In the material below, find the span from the line with "Una foto della mostra" to the line with "Pharrell x adidas" and transcribe only those lines, exactly, ends included, without the pictures.
[[ Record extracts open ]]
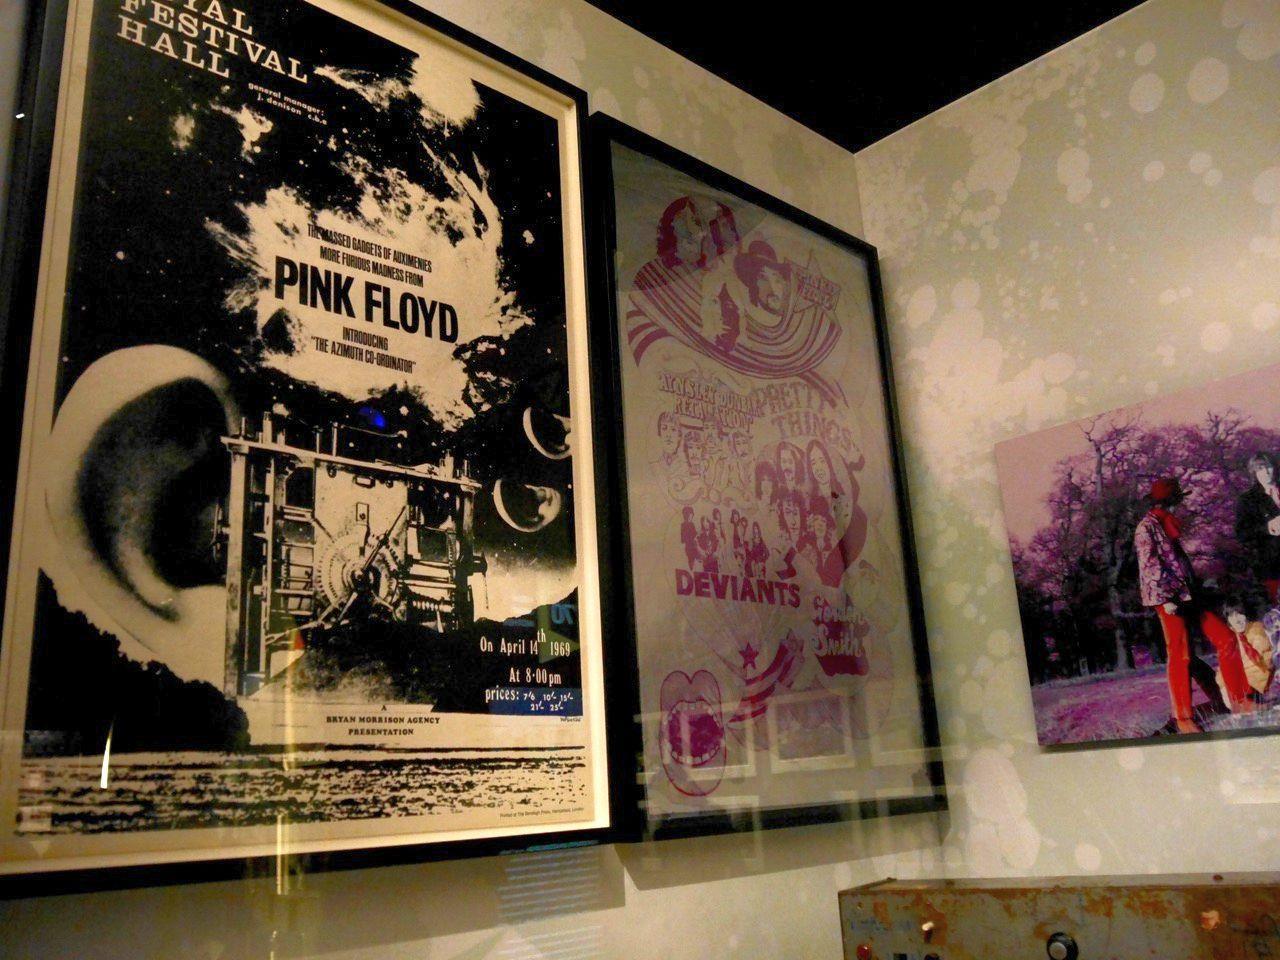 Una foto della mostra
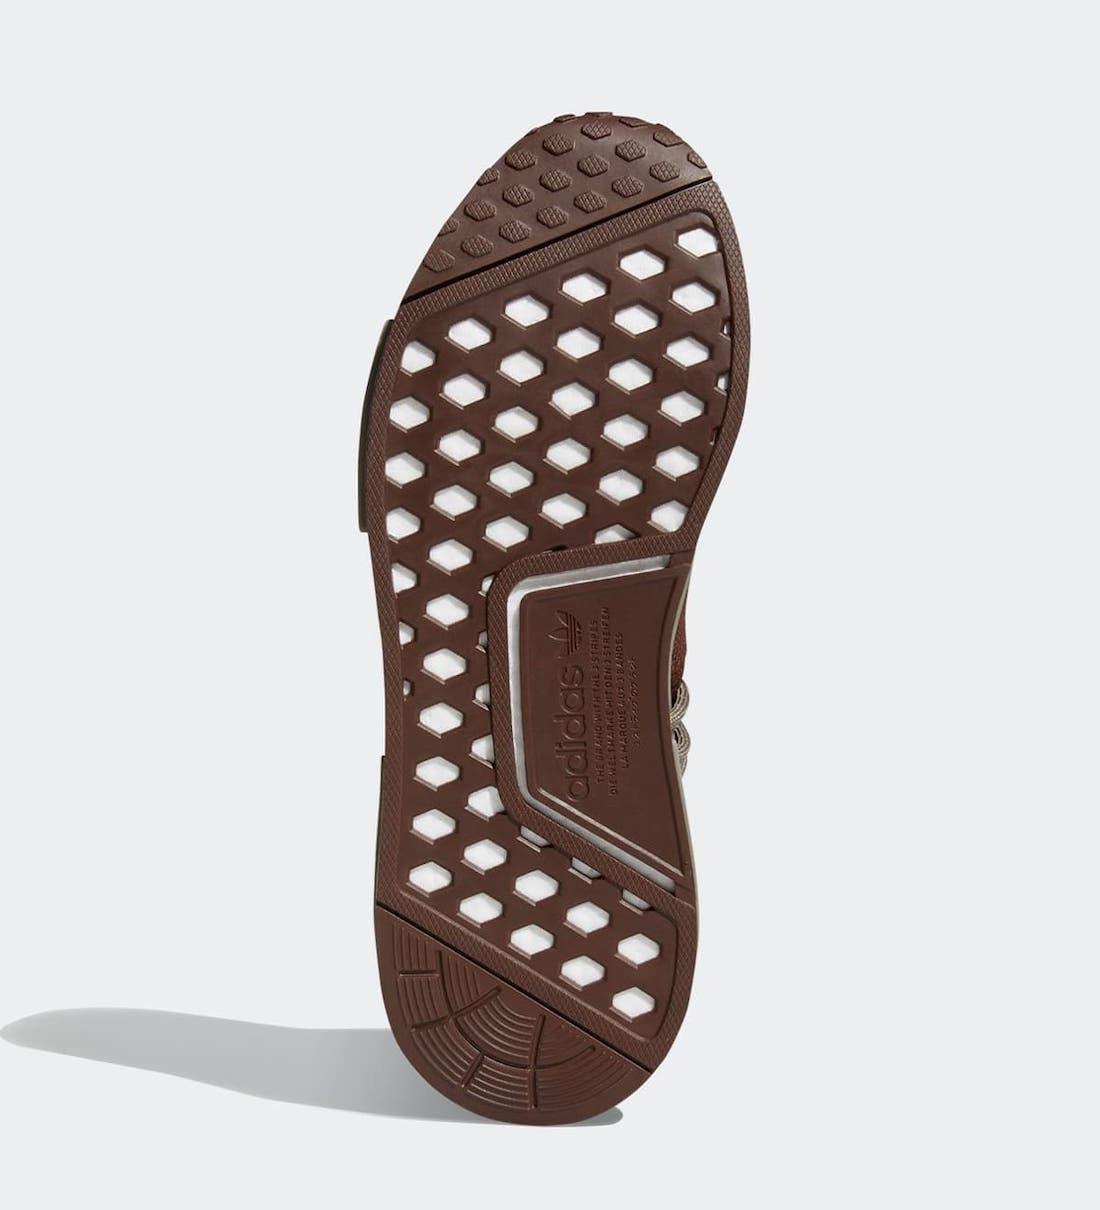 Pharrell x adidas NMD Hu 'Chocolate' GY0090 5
[[ Record extracts closed ]]
[[ Record extracts open ]]
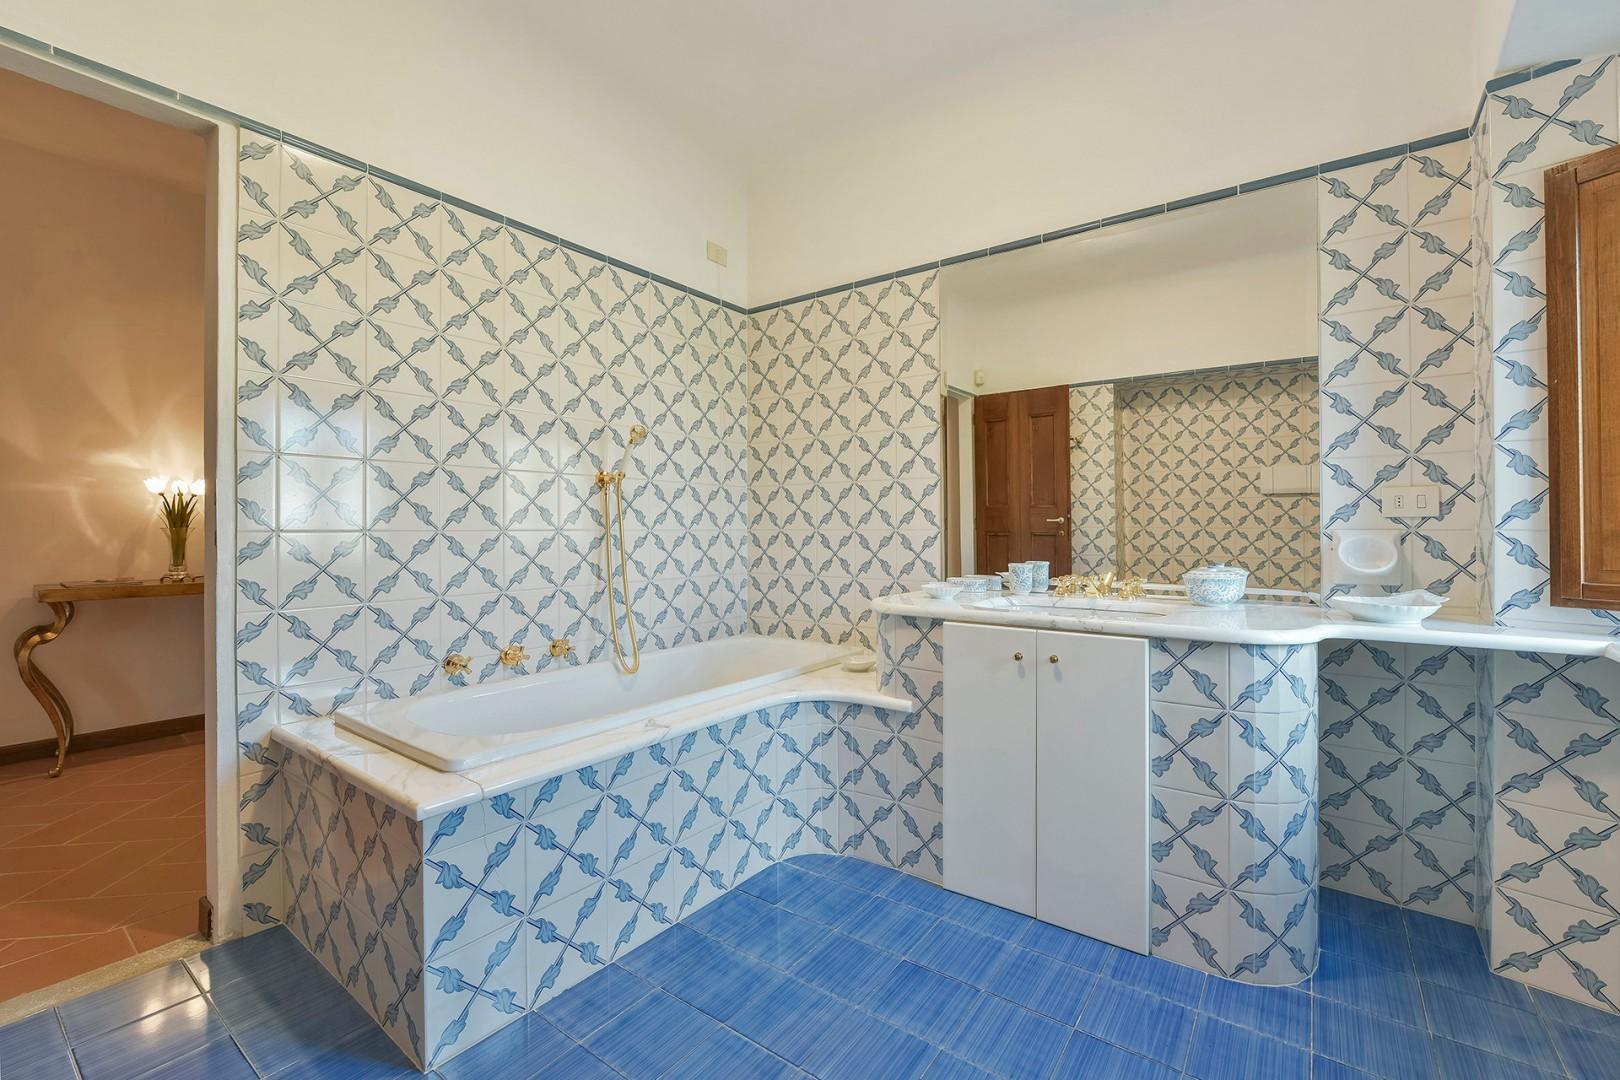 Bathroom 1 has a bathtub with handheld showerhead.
[[ Record extracts closed ]]
- _Task result_
 Una foto della mostra
 Pharrell x adidas NMD Hu 'Chocolate' GY0090 5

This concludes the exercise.